“This acquisition will give GE the ability to provide a direct drive, offshore wind turbine offering as an option to our customers. Scanwind represents the next strategic fit for our wind turbine line and we look forward to further developing their proven technology,” said Victor Abate, GE’s vice president of renewables, commenting on the deal.
The €18.2 million transaction, announced on August 12, is subject to customary closing conditions and expected to be completed in early September. Morphic, the current ScanWind Group AS majority shareholder, is also involved with fuel cells. Nord Trøndelag Elektrisitetsverk is the current minority shareholder at 18.5%.
GE’s offshore wind power involvement dates back to 2000 when a first offshore project comprising seven 1.5-megawatt (MW) former Enron Wind (now GE) units was grid connected in Utgrunden, Sweden. It was later followed by seven of its 3.6-MW 3.6s Offshore turbines that became operational at Arklow Bank in the Irish Sea during 2004. Since then GE has kept a low profile in the offshore segment, even though the company developed an upgraded 3.6-MW 3.6sl Offshore turbine with enlarged 111-meter rotor (initially 104 meters).
However this new turbine model was either shelved or at least not explicitly offered to the offshore wind market during recent years. One possible explanation is that according to official GE Energy statements the global onshore market offers huge sales potential, whereas weather and other project risks are by comparison substantially less. However, one senior manager during a past interview also said that once a substantial number of major U.S. offshore projects enter an advanced stage GE will feel obliged to step in again.

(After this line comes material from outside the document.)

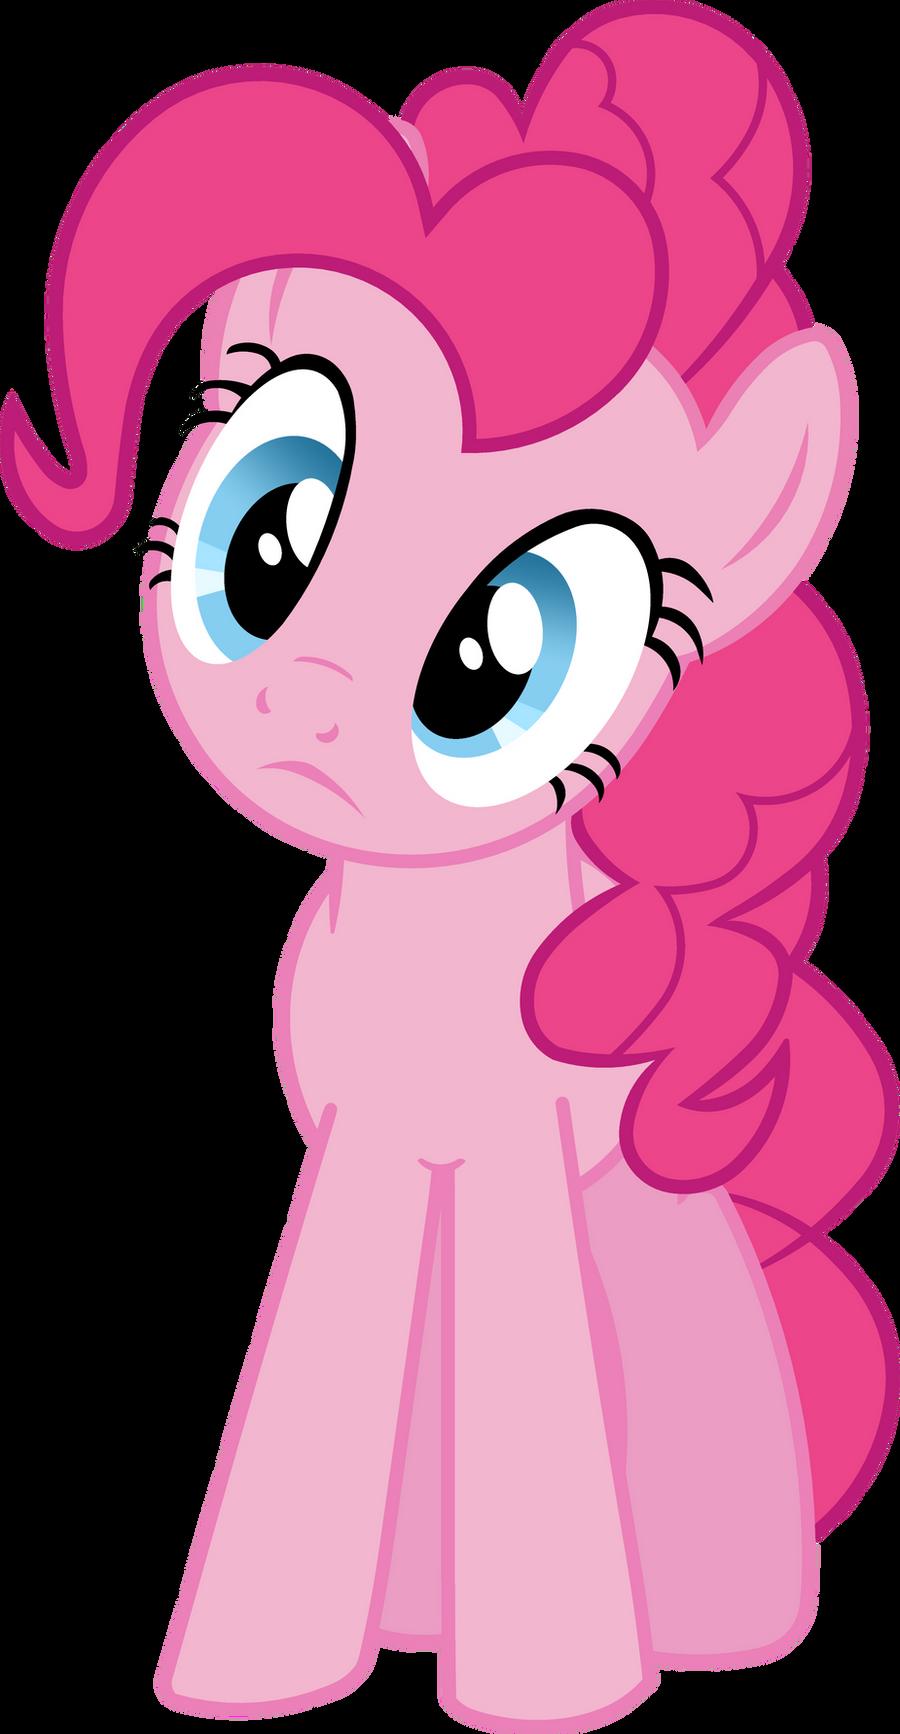 Pinkie Pie - Head-tilted perplexity by BobtheLurker

That moment may have come now, amid a global financial credit crisis, but also with an entirely different political climate in the U.S. According to recent press reports the U.S. government has awarded five offshore wind development leases to developers that have planned projects off the coasts of New Jersey and Delaware.
The Right Time
The acquisition can therefore be viewed as a clever move at perhaps the right time. As a key advantage it immediately provides GE Energy with proven state-of-the-art 3.5-MW class (rotor diameter 90.6 meters) direct-drive wind technology specifically developed for coastal onshore and offshore deployment. ScanWind has an operational track record of over six-years with a 3-MW prototype to draw upon, supplemented by operational experiences with three more prototypes and eleven upgraded serial installations.
Interestingly, offshore wind market leader Siemens Wind Power of Germany currently dominates the market with a 3.6-MW geared turbine. In addition, in 2008 the company erected two of its new 3.6-MW direct drive Concept turbines for prolonged testing and analysis.
ScanWind’s pitch-controlled variable speed 3-MW prototype featuring a direct-drive permanent magnet Siemens generator was erected during March 2003 in Nærøy on the windy Norwegian coast. A second demonstration unit was erected during the autumn of 2004. This variable speed 3-MW turbine concept is equipped with a multi-speed variation gearbox and fixed speed generator that enables direct grid connection and eliminates an otherwise required electronic power converter.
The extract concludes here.